Donald Hopkins helped kill smallpox and is close to slaying the fiery serpent

Donald Hopkins keeps his enemy in plain sight. Henrietta sits on a bookshelf in the doctor’s home office, coiled like a yard-long strand of spaghetti, in an alcohol-filled glass jar.

The dead Guinea worm has been there for most of Hopkins’ tough slog against a disease that he is finally on the verge of vanquishing.

He doesn’t know why he called her Henrietta except that he might have thought of a Dutch princess by that name. But Henrietta inspires Hopkins to soldier on. She reminds him of the resilience of people who have experienced the excruciating scourge of Guinea worm, a water-borne parasitic disease that culminates with milky white worms bursting from festering blisters on human skin.

Soon, Hopkins hopes, Henrietta will be the last of her kind.

“My passion,” he says, lifting the jar off the shelf, “is to see the end of this worm.”

It has been a passion, as well, for former President Jimmy Carter. Last August, when Carter announced to the world that he was battling brain cancer, he expressed this wish: “I hope Guinea worm dies before I do.”

That wish may very well come true.

Carter has been declared cancer free. And Guinea worm cases now number 22, down from 3.5 million in 1986, when the Carter Center tapped Hopkins to lead the global eradication effort. Back then, Guinea worm terrorized people in 21 countries. Today, the remaining cases are limited to isolated parts of Chad, Mali, South Sudan and Ethiopia.

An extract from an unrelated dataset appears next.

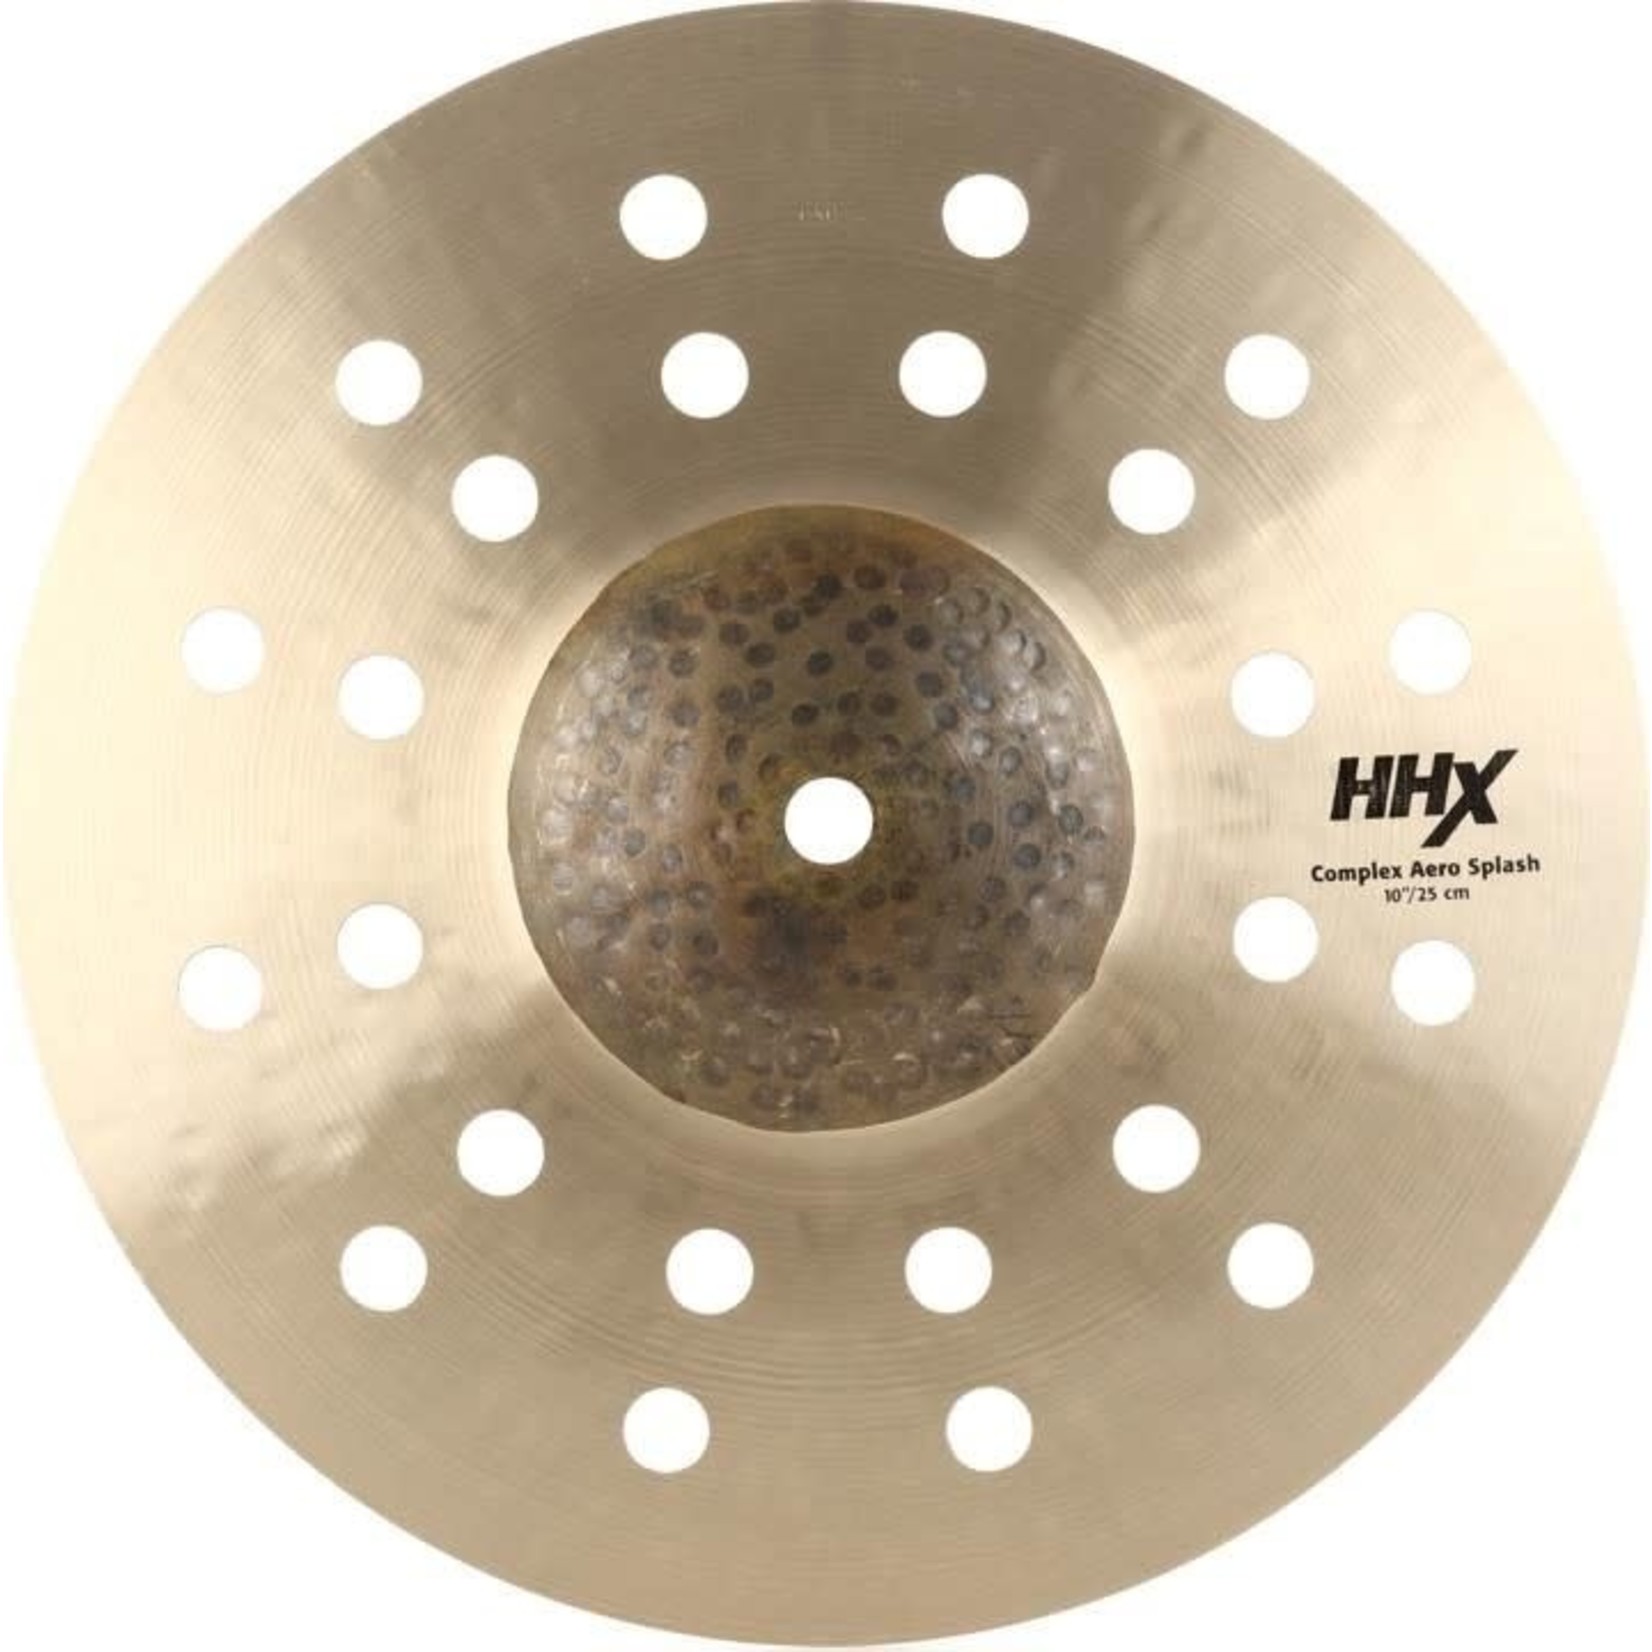 Sabian Sabian HHX 10" Complex Aero Splash Cymbal

Guinea worm never commanded attention like malaria or polio. Perhaps that’s because the disease — aptly known in Latin as dracunculiasis or “little snake” — was not indigenous to the West and mainly affects people in African and Asian nations with poor water sanitation. Perhaps it’s also because Guinea worm is generally not a killer. It still can be devastating: It is so painful and disabling that it often keeps impoverished men and women from working for months or even years, and children from attending school.

“We’ve kept 8 million people from having Guinea worm, and now we are approaching the end of the process,” Carter says. “I would say this is perhaps the most gratifying personal experience I have had in the so-called successes of my life.”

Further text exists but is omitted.